Assigned task>
Take nothing but the lines from the one with "maison de soil" through the one with "laptop-chat-lua-dao" in the entries below, both ends kept, and return them exactly with pictures left out.

[Data records Boundary: Start]

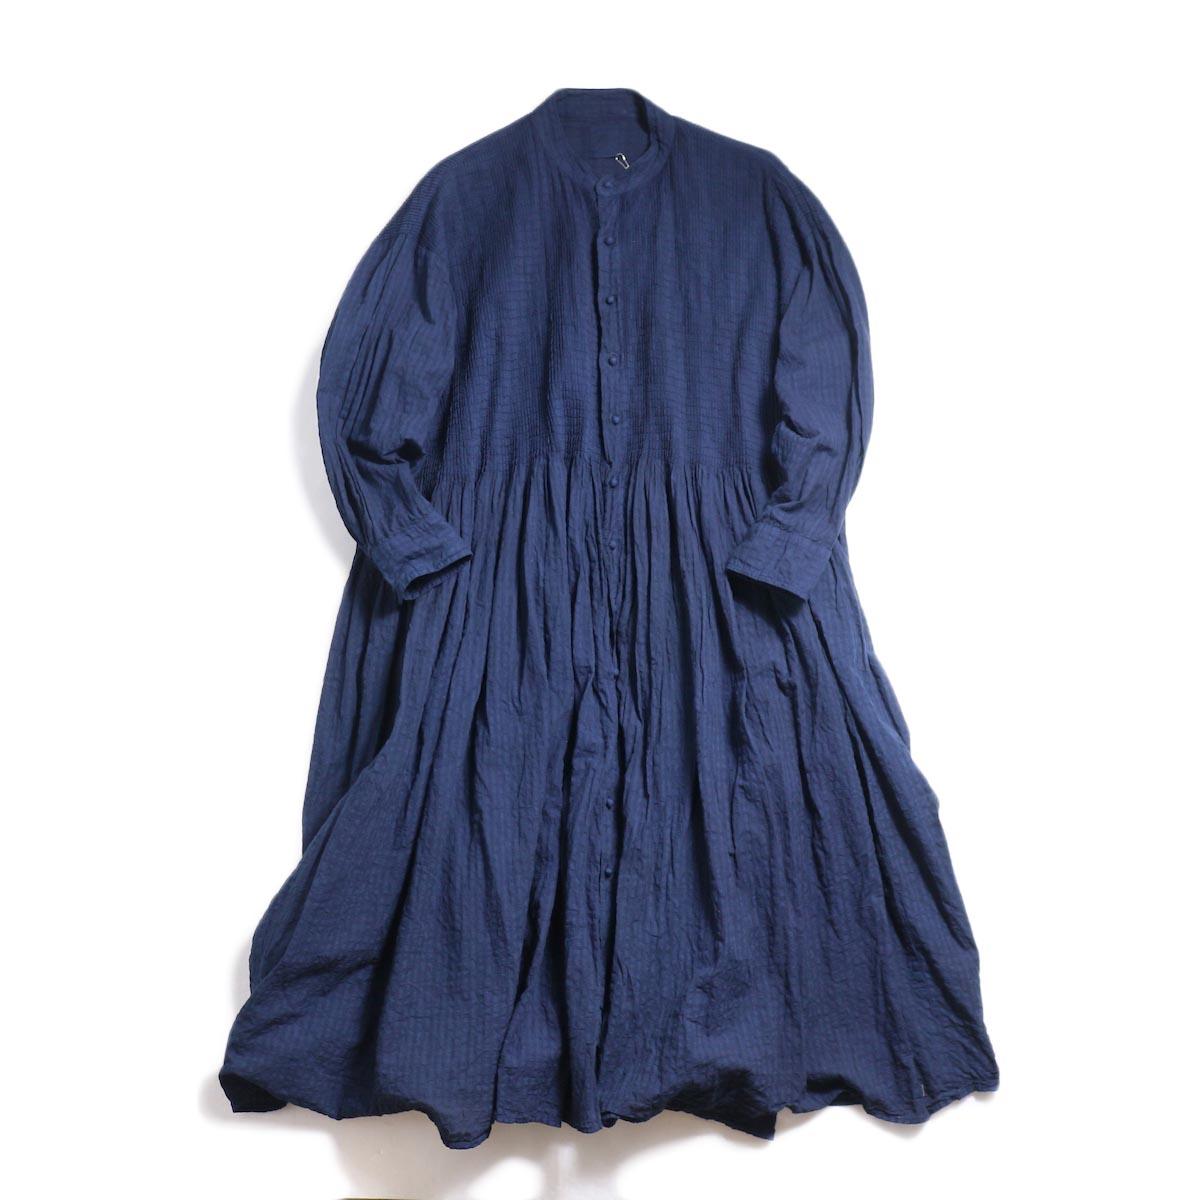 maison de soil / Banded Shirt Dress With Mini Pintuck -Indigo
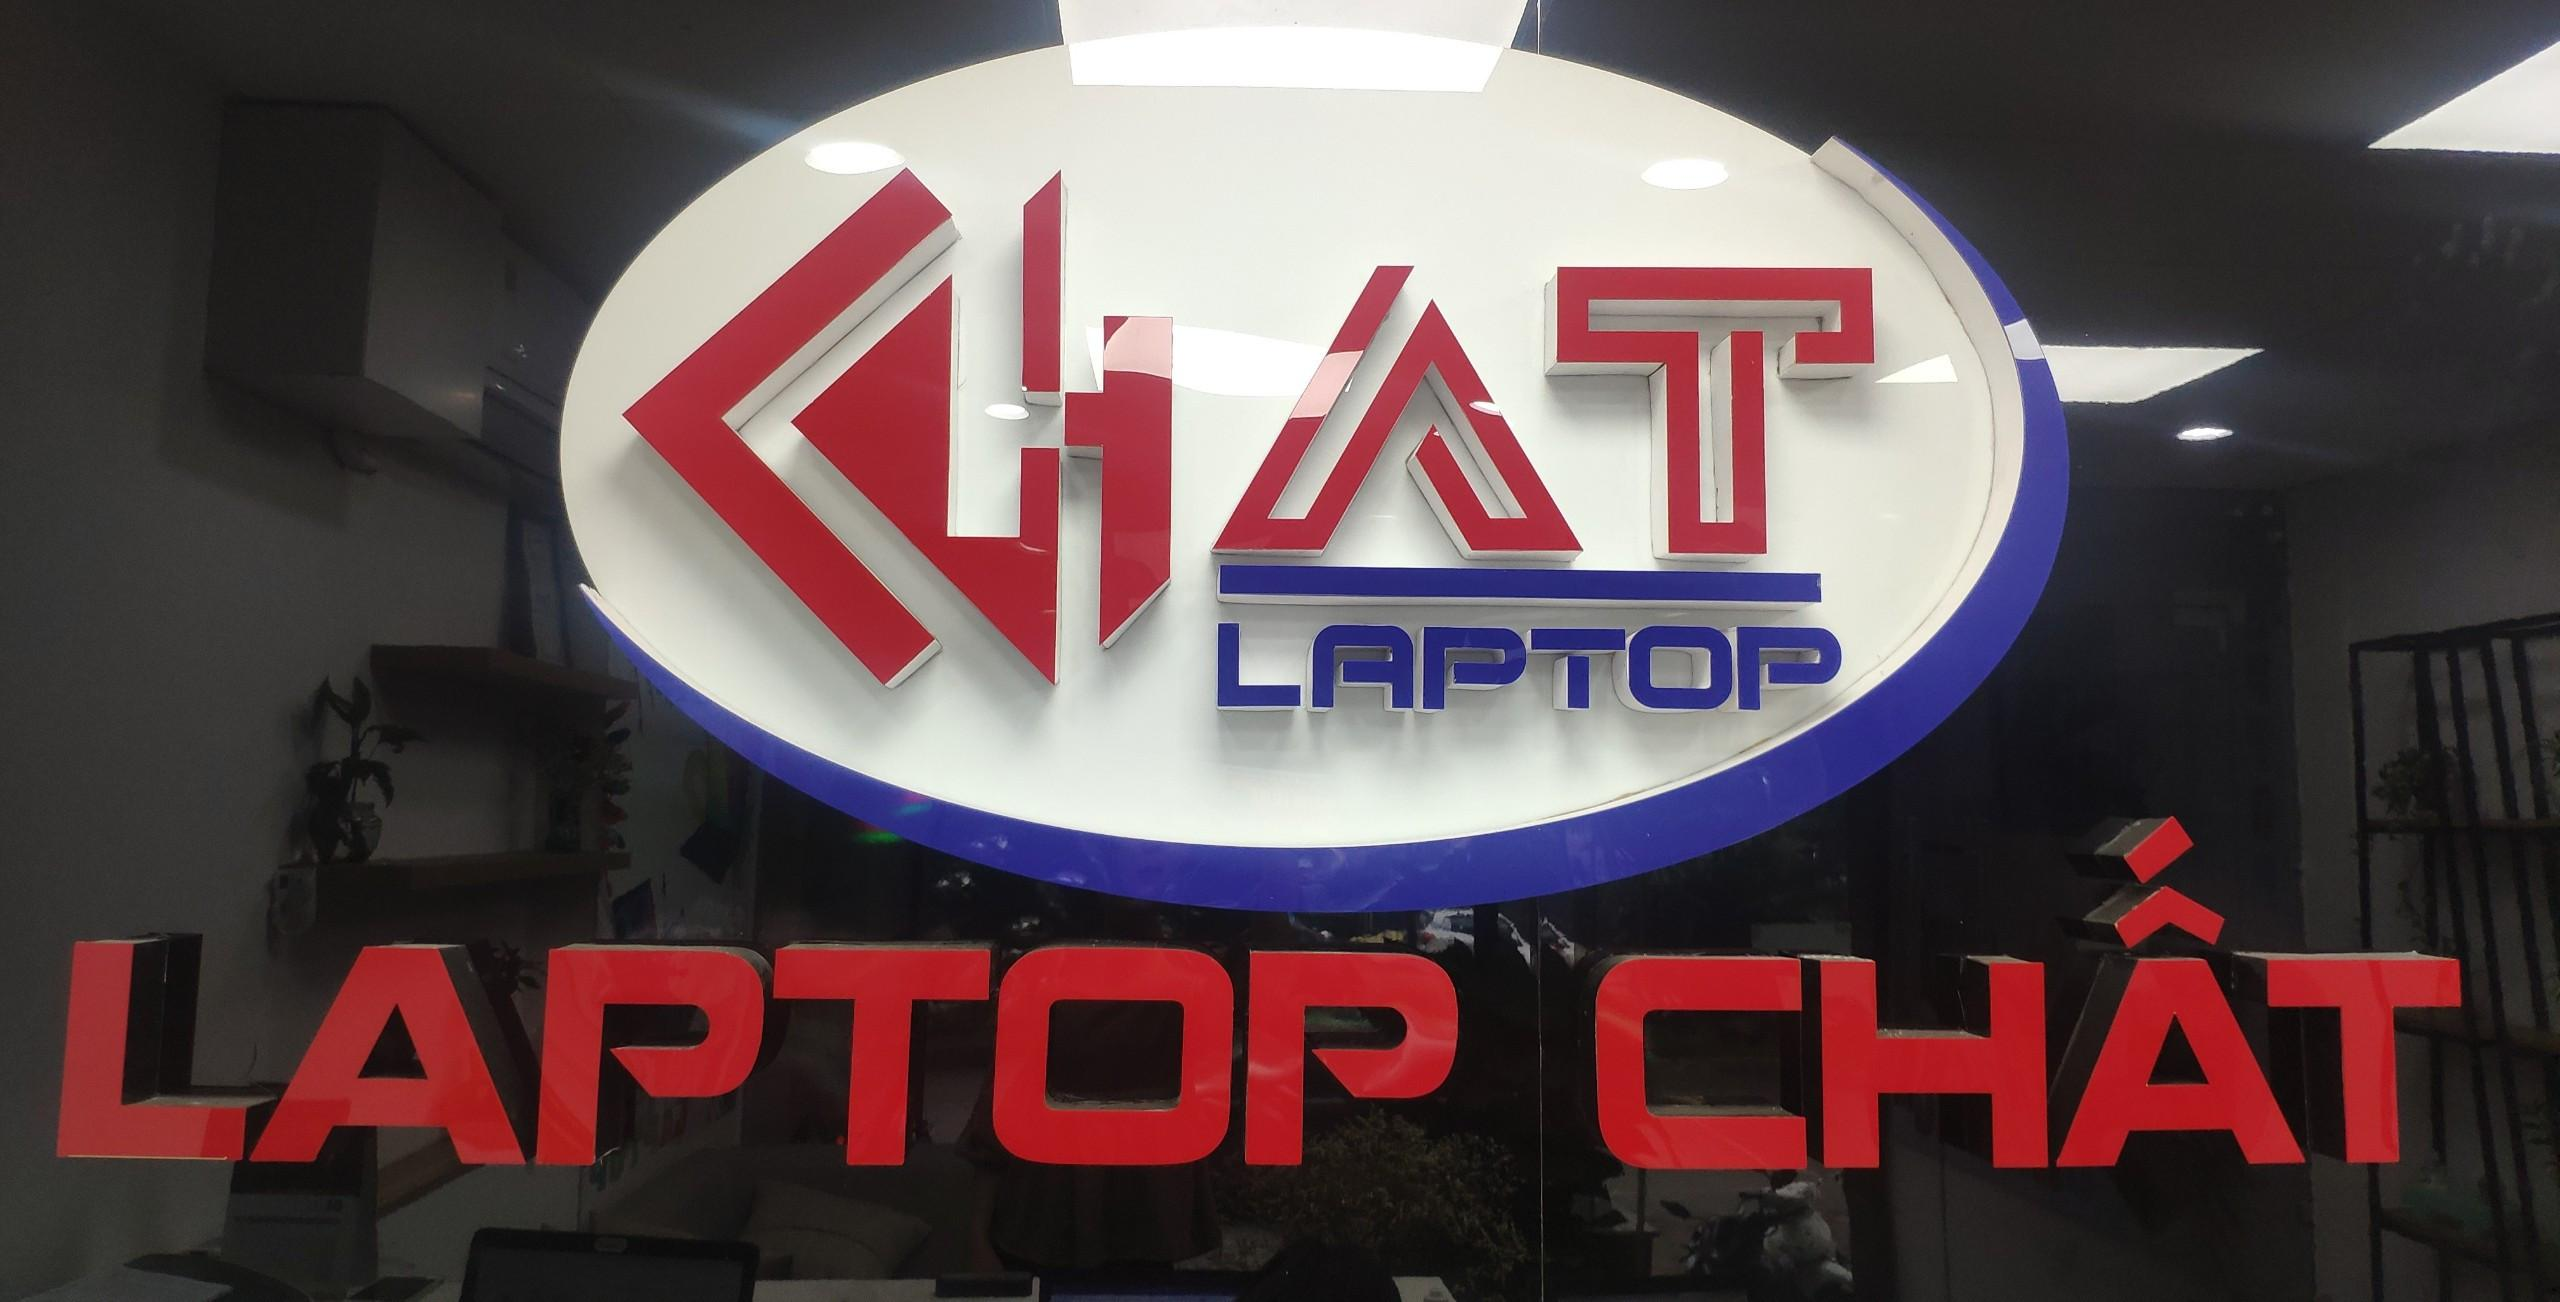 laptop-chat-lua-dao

[Data records Boundary: End]
[Data records Boundary: Start]

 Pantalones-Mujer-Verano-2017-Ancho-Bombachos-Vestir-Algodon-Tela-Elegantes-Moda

[Data records Boundary: End]

Result for this task>
 maison de soil / Banded Shirt Dress With Mini Pintuck -Indigo
 laptop-chat-lua-dao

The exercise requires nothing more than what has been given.